展示の中心は絵画ですが、同時代の版画や工芸の作品も紹介。またグラフ雑誌や漫画などの印刷物もあわせて展示する事で、当時の世相も伝わってきます。
1937年から1952年までの作品が並びます
最も多くの作品が展示されているのが、栃木生まれの清水登之です。清水は士官学校の受験に失敗して画家の道へ(軍で身を立てるのは、当時の若者にとってごく普通の目標でした)。上海事変の戦跡取材を皮切りに満州、南京、漢口、東南アジア各地と積極的に戦地をまわり多くの作品を残しました。皮肉な事に、従軍した長男は戦死しています。
風景画の名手で新版画でも活躍した吉田博も、1938~40年に陸軍の依頼で中国に赴いています。すでに還暦を越えていた吉田(1876年生)ですが、飛行機に搭乗し、写真も撮影。迫力あふれる《急降下爆撃》は、1941年の第4回新文展への出品作です。
清水登之と吉田博の作品
「戦争画」の文脈ではあまり語られる事が無い女性画家の作品も、数多く紹介されています。
美人画で名高い上村松園は戦争とは縁がなさそうに思えますが、1941年に慰問のため中国へ。松園が描いた‘つましい江戸女性’の姿は、倹約の精神とも合っています。
一方で赤松俊子(丸木俊)は、抑圧された人々を表現。
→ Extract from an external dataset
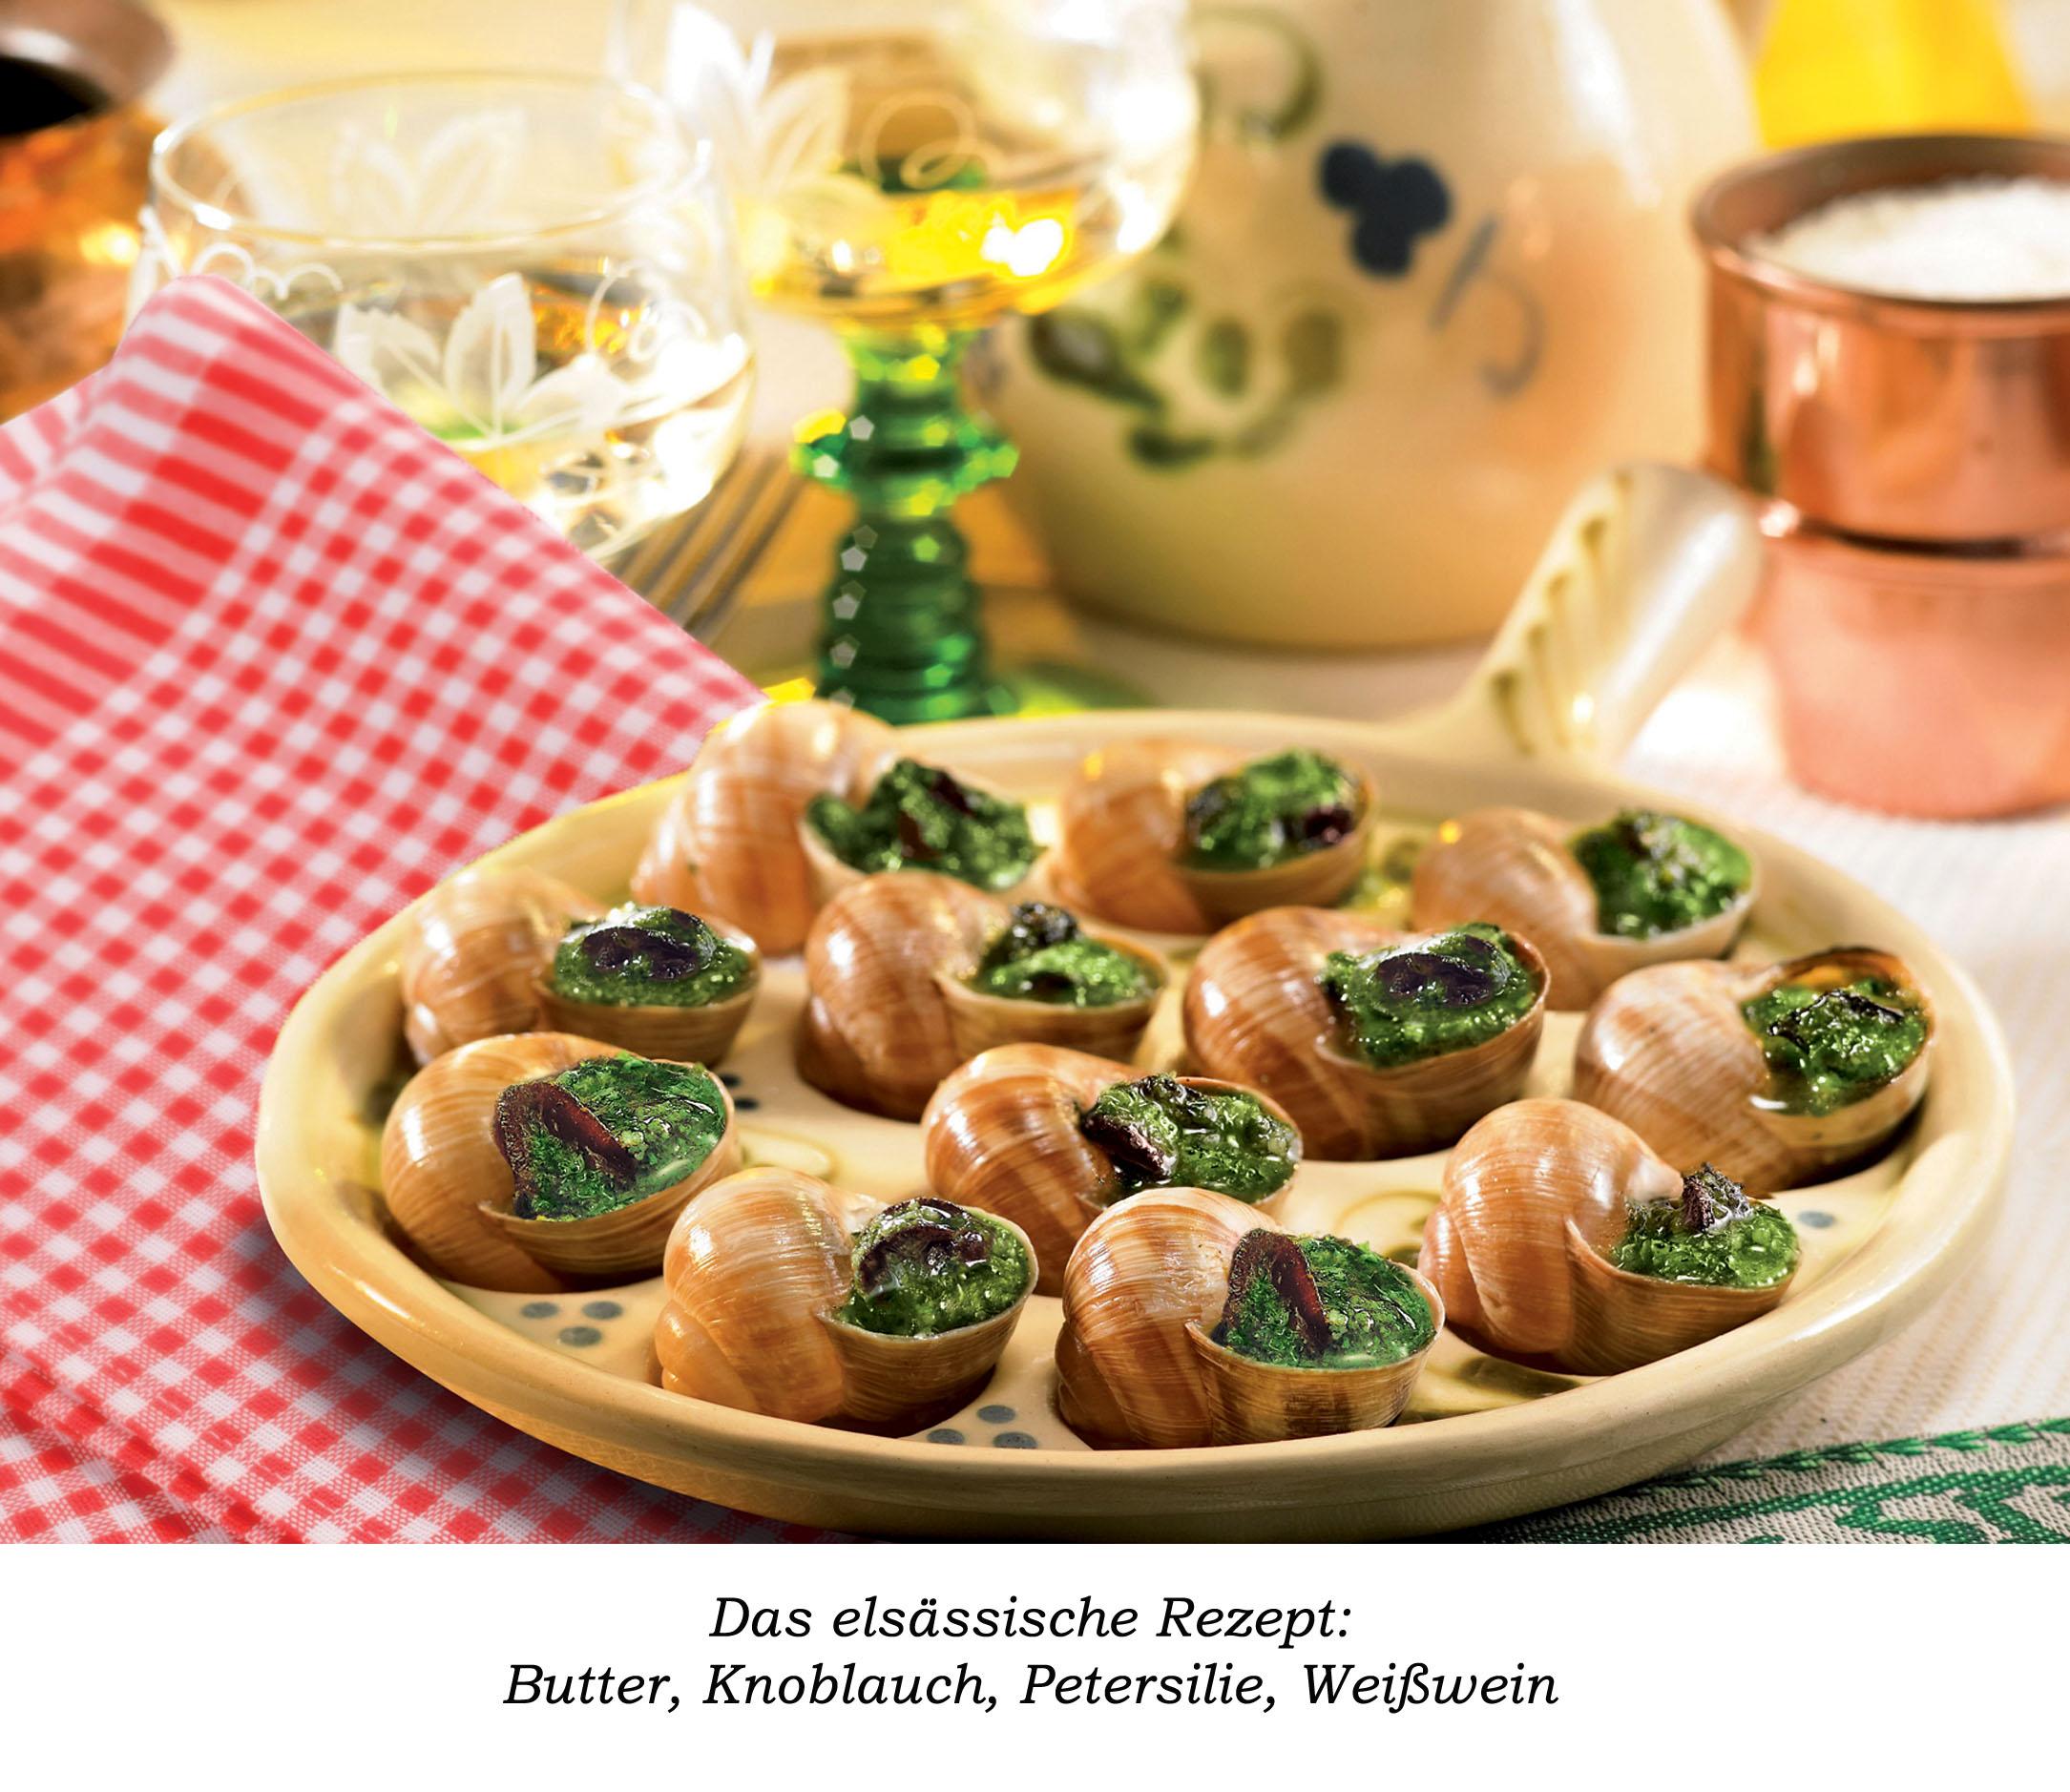 Ein gelber runder Teller mit Schnecken nach dem elsässischen Rezept dekoriert mit einer karrierten Serviette und einem Glas Weißwein

元になったのは南洋諸島で描いた明るいスケッチでしたが、時代の空気を反映して陰鬱な作品にまとめられました。
女流美術家奉公会を結成した長谷川春子、同会にも参加した吉田ふじを(吉田博の妻)、戦後は舞台美術家として活躍した朝倉摂なども、時代の求めに応じた作品を創作。結果として多くの画家たちは、国が主導する戦争の枠組みに加担する事になったのです。
女性画家の作品
あまり知られていないと思われるのが、戦争柄の着物。日露戦争の英雄である東郷平八郎と乃木希典の肖像や、飛行機、戦艦などが、男児用の着物に描かれています。実在の軍人や兵器が、子どもの健康と出世を祈る吉祥の柄として使われているのは、現代の感覚からすると驚くばかりです。
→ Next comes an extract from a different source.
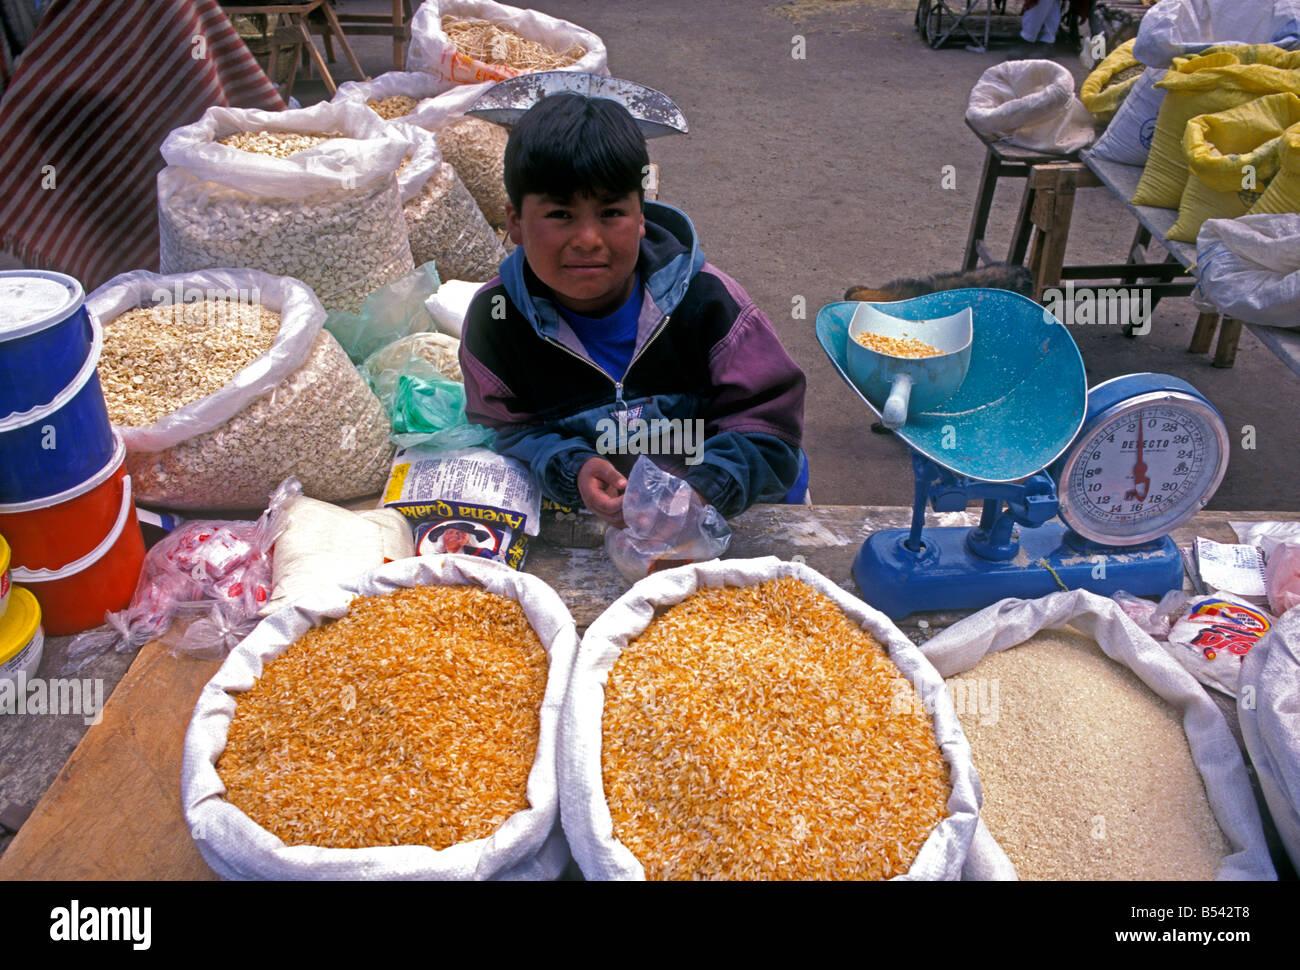 Ecuadorans, ecuadorianischen, Junge, Junge, Kind, Anbieter, Vorderansicht, indischen Markt, Markt, Marktplatz, zumbahua, Stockfoto

最後の「一億一心」は、1941年から新聞や雑誌に頻出した標語。一日における心得として記されているのは、庭に畑を作れ、夜は戦地の兵隊を思って眠れ…等々です。
戦争柄の着物
展覧会後半は、戦後の作品。民主化政策の中で画家たちも自由な創作が可能となり、戦時中は難しかった裸婦像も見られるようになります。赤松俊子(丸木俊)の裸婦は力強く自立、‘慰安婦’に屈折した感情を抱いていた古沢岩美は官能的、桂ユキ子(ゆき)は生活に疲れた裸婦と、三様の裸婦像が並びます。
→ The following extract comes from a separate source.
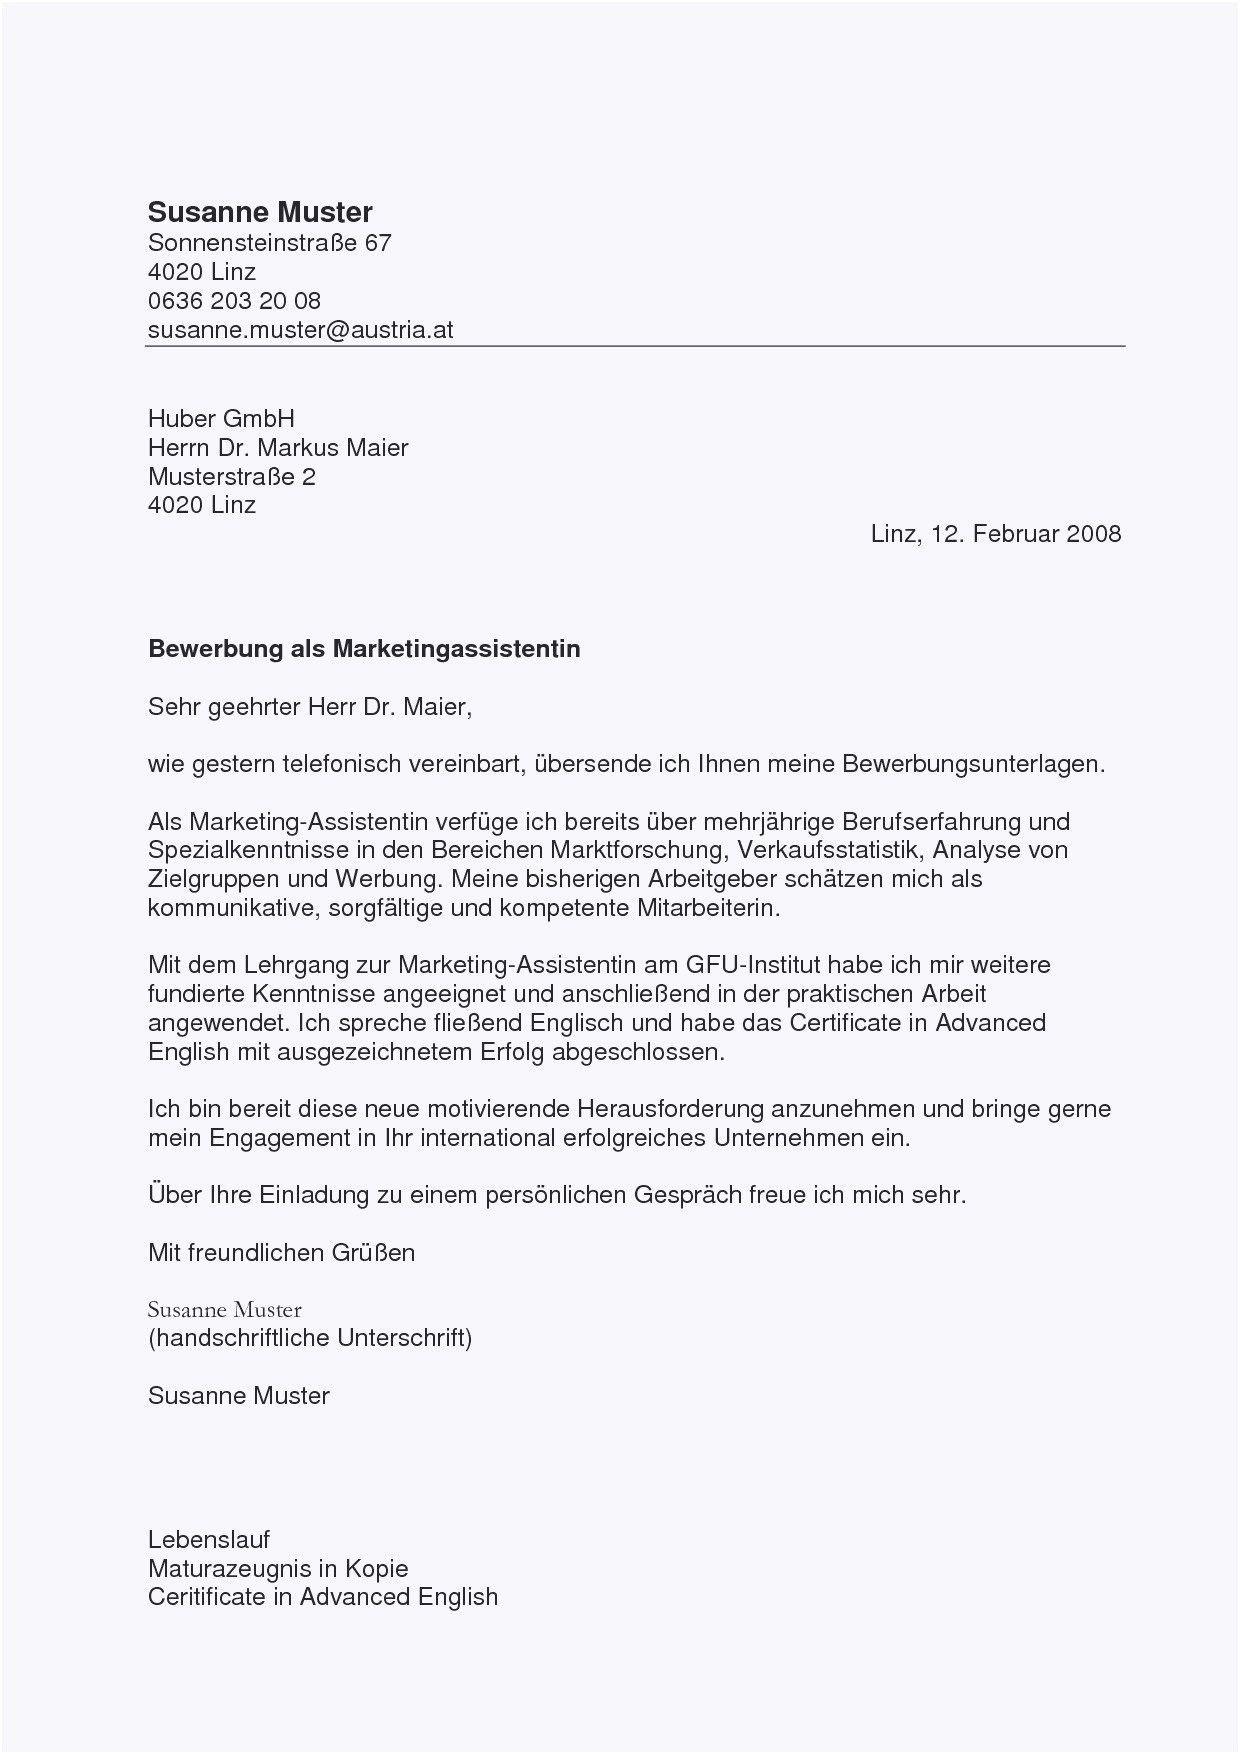 Briefprobe Briefformat Briefvorlage Trauerrede Bewerbung Schreiben Lebenslauf

労働運動も盛んになり、新居広治は戦後初の労働争議である茨城県高萩炭鉱での闘争を題材にした版画を制作。ただ、米国は占領政策を転換して「逆コース」を進む事となり、社会主義運動は取締りの対象になっていきます。
展覧会の最後は、丸木位里・赤松俊子(丸木俊)による《原爆の図 第4部 虹》。《原爆の図》は今夏、米国の首都・ワシントンで初めて展示されて話題になりました。
戦後の作品
軍・官・民が一体となり、誰もが迷う事なく突き進んだ戦争への道。画家たちも、むしろ誇りを持って戦争を支える側に参画して行った事が分かります。戦争が終わって私たちは自由を手に入れましたが、この教訓を活かしていると、胸を張って言えるでしょうか。
栃木での開催という事もあって、行く前に少し迷っていたのが恥ずかしくなりました。取材とご紹介が遅くなった事を深くお詫びいたします。これを見ずに「戦後70年展」の話は出来ないと断言します。[ 取材・撮影・文:古川幹夫 / 2015年12月9日 ]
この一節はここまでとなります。